Requirement: What appears from the line containing "Pop in a see" to the end of the listing below should be copied exactly, with no other lines.

Stored data:
____________________

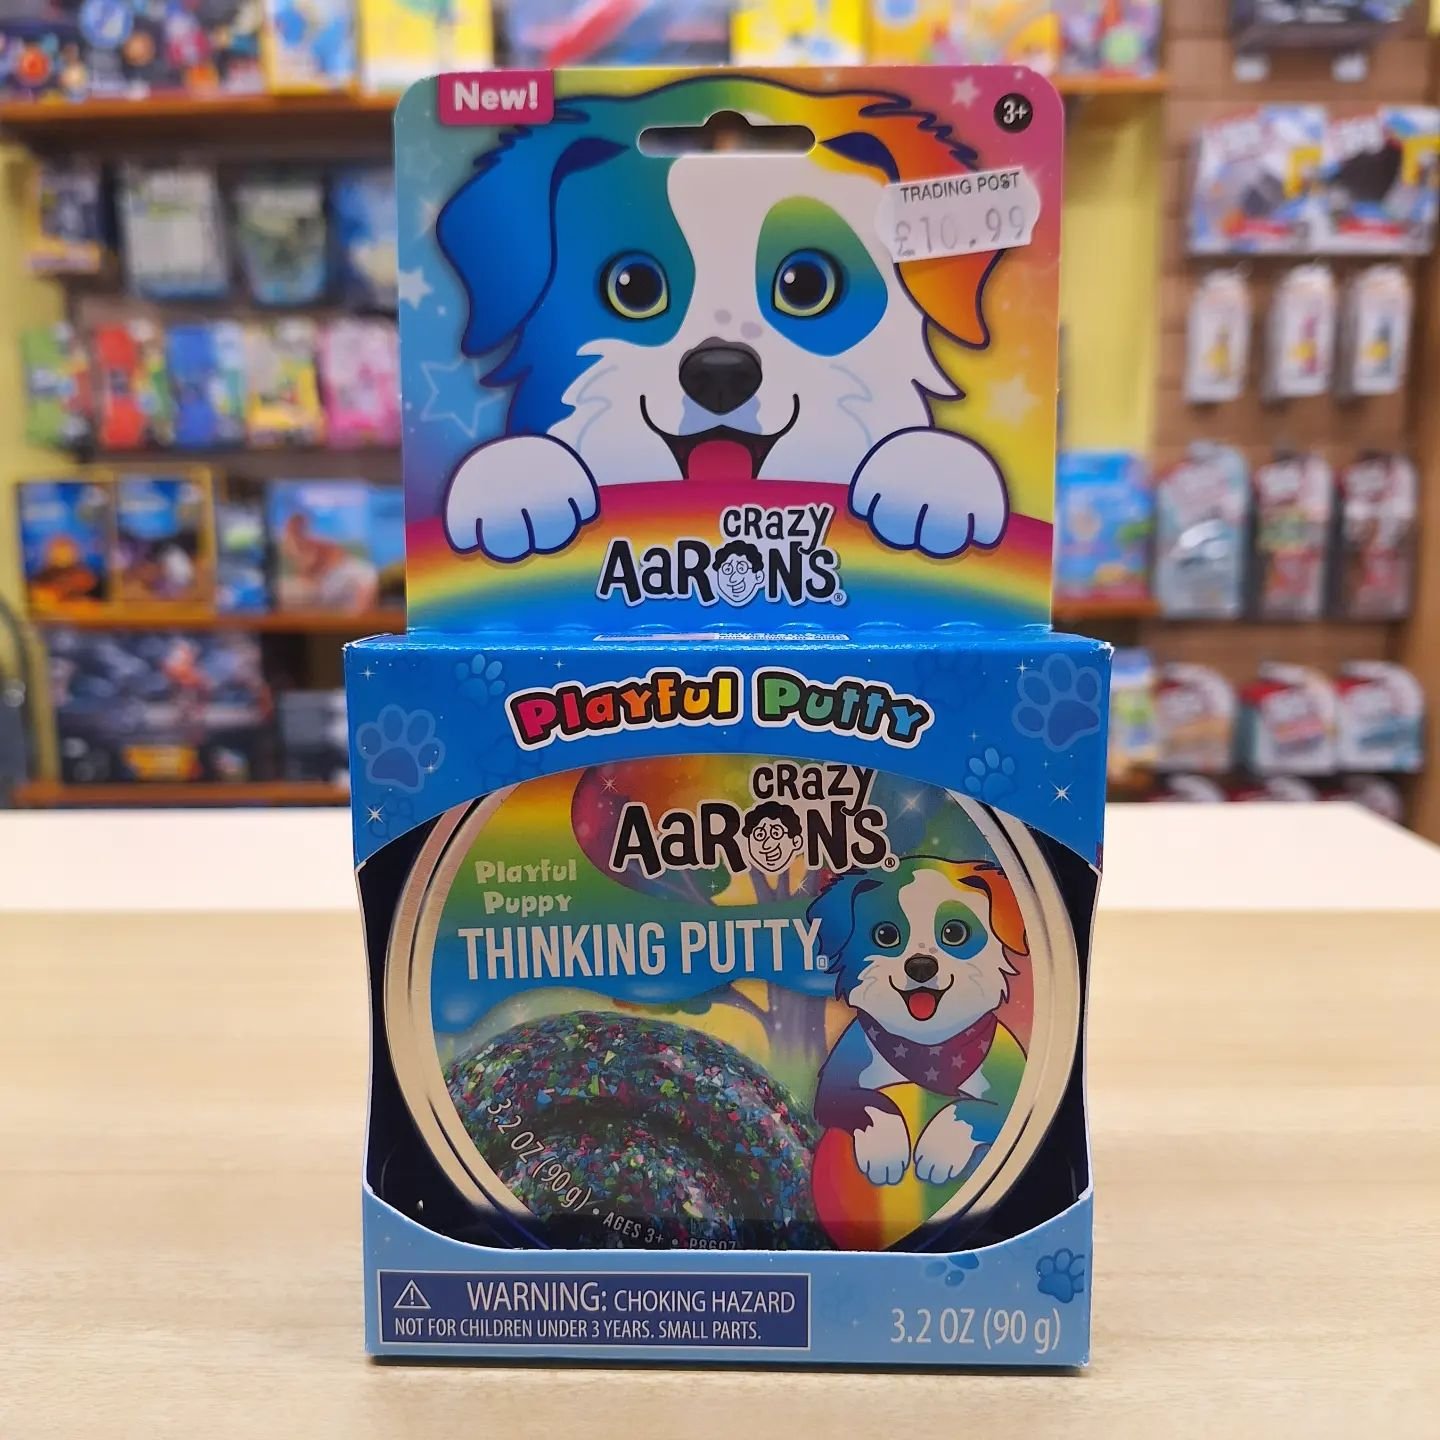 🌟NEW🌟

Crazy Aaron's Thinking Putty, 4 brand new themes to choose from!

Pop in a see our full range of CRAZY AARON'S THINKING PUTTY, starting at just &pound;3.99!

⚠️Did you know our THINKING PUTTY is the same price as SYMTHS SUPERSTORES, Plus man

____________________

Final answer:
Pop in a see our full range of CRAZY AARON'S THINKING PUTTY, starting at just &pound;3.99!

⚠️Did you know our THINKING PUTTY is the same price as SYMTHS SUPERSTORES, Plus man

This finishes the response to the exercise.